If one child wants to keep the home and their siblings do not, this can also create conflict. Can the sibling who wants to keep the home afford to buy out the siblings’ share? Will the other siblings agree to a reasonable payment plan?

Investing for Everyone

Before you leave your home to your children, collectively, or even one child in particular, make sure the whole family agrees on the terms. The terms should be spelled out clearly in your will. Otherwise, leaving your home to your children could create unintended stress on the family.

Final Note

Of course, in some instances, bequeathing your home to your children after you die could be the best move. As long as everyone is in agreement on the terms, leaving your home to a child can help preserve generational wealth while giving young adults a head start with a house of their own.

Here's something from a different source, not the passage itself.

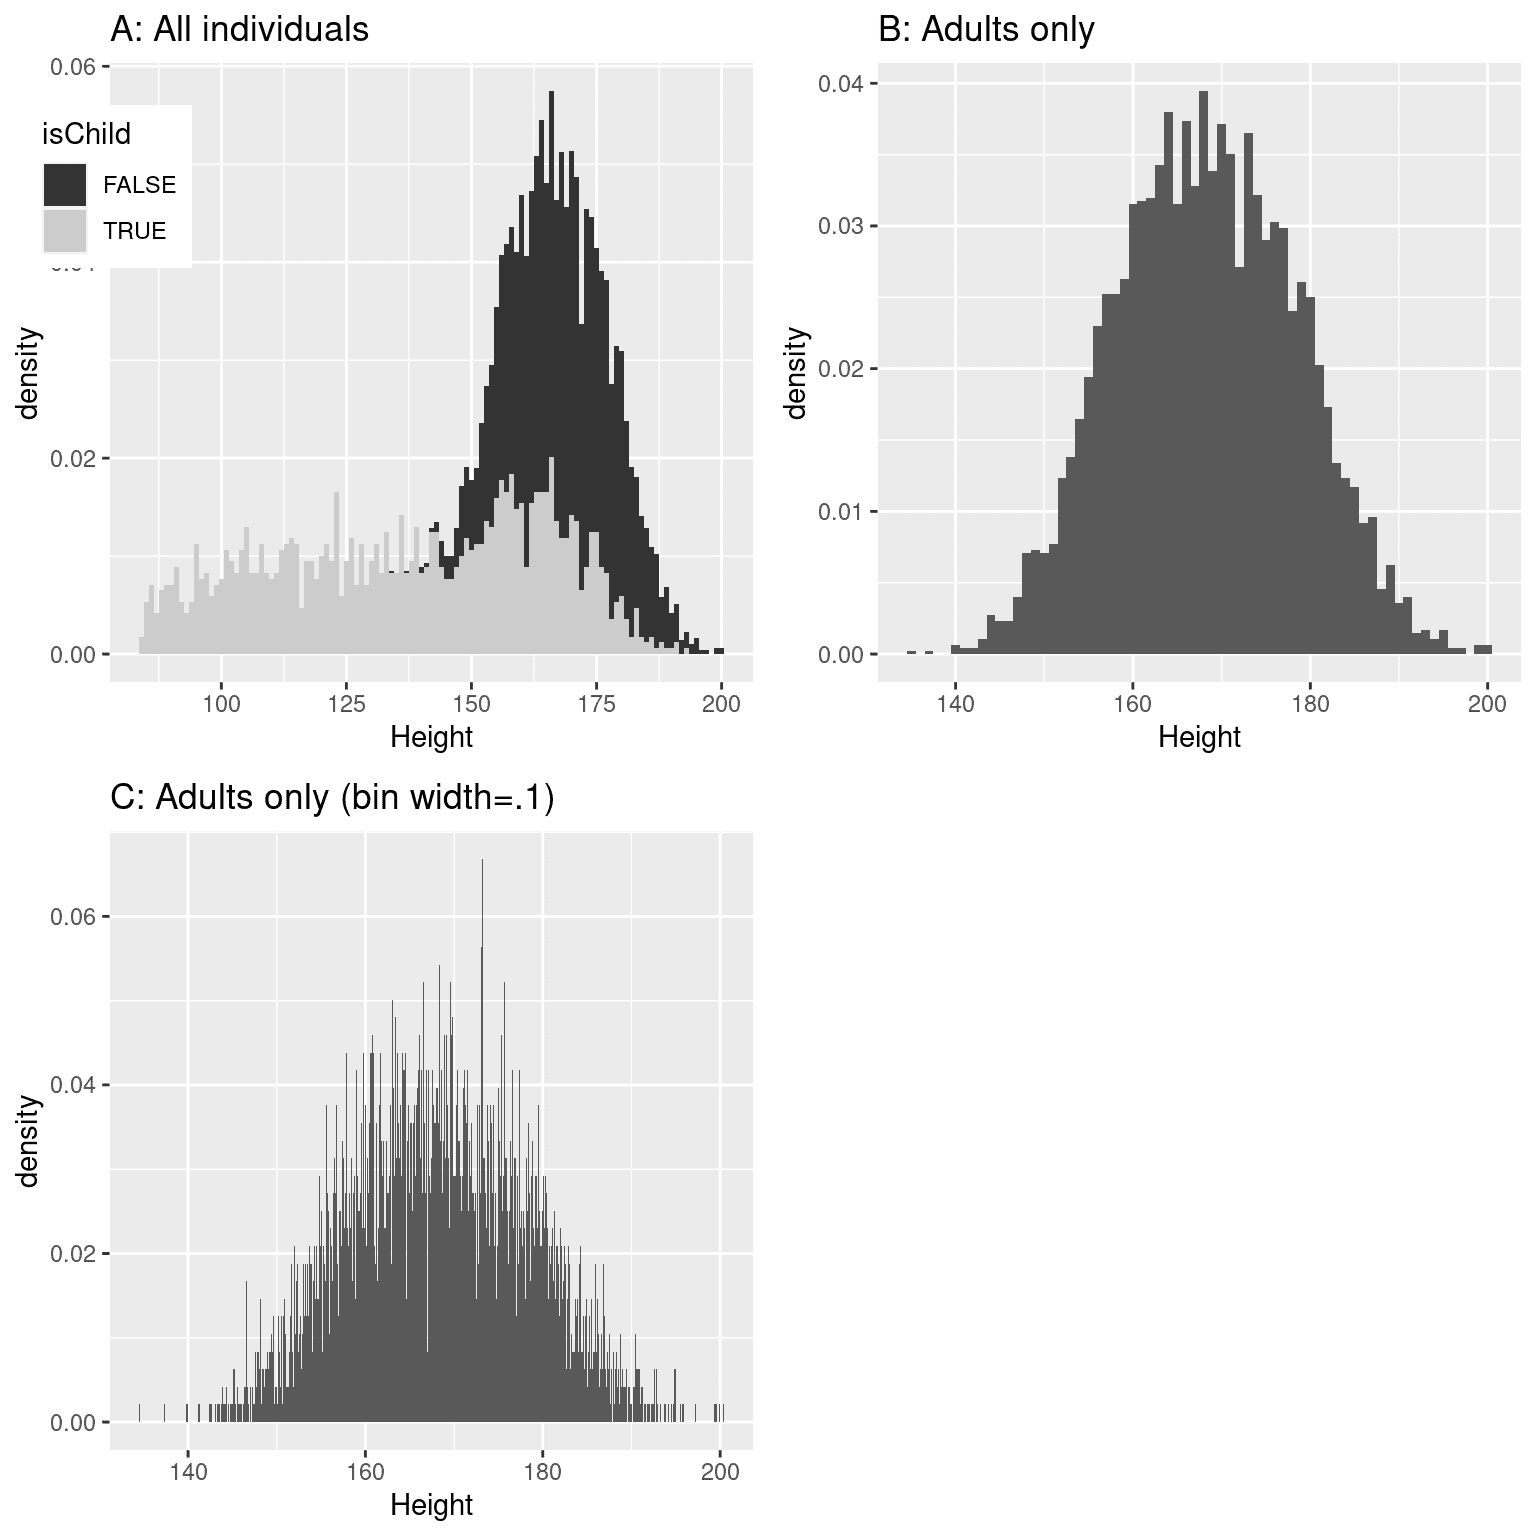 NHANES 身高直方图。A：分别绘制儿童（灰色）和成年人（黑色）的值。B：仅成年人的值。C：与 B 相同，但 bin 宽度=0.1

If you decide you want your child or children to take over your home after you die, a trust might be the best way, according to ISVGlaw.com, the website for Melville, NY-based legal firm Schneider, Garrastegui & Fedele. A trust can help your children avoid capital gains taxes on the property, help avoid the hassles of probate, and keep the home under your control until you die.

Investing for Everyone

More From GOBankingRates

  • 7 Home Items To Avoid Buying in 2024
  • How To Retire on $2,000 a Month: A Frugal Living Guide
  • One Simple Way to Earn More on Your Savings in 2024
  • The Biggest Mistake People Make With Their Tax Refund -- And How to Avoid It
Generational Wealth: 7 Reasons to NOT Leave the Family Home to Your Children (2024)
Top Articles
Latest Posts
Article information

Author: Gov. Deandrea McKenzie

Last Updated:

Views: 5998

Rating: 4.6 / 5 (46 voted)

Reviews: 85% of readers found this page helpful

Author information

Name: Gov. Deandrea McKenzie

Birthday: 2001-01-17

Address: Suite 769 2454 Marsha Coves, Debbieton, MS 95002

Phone: +813077629322

Job: Real-Estate Executive

Hobby: Archery, Metal detecting, Kitesurfing, Genealogy, Kitesurfing, Calligraphy, Roller skating

Introduction: My name is Gov. Deandrea McKenzie, I am a spotless, clean, glamorous, sparkling, adventurous, nice, brainy person who loves writing and wants to share my knowledge and understanding with you.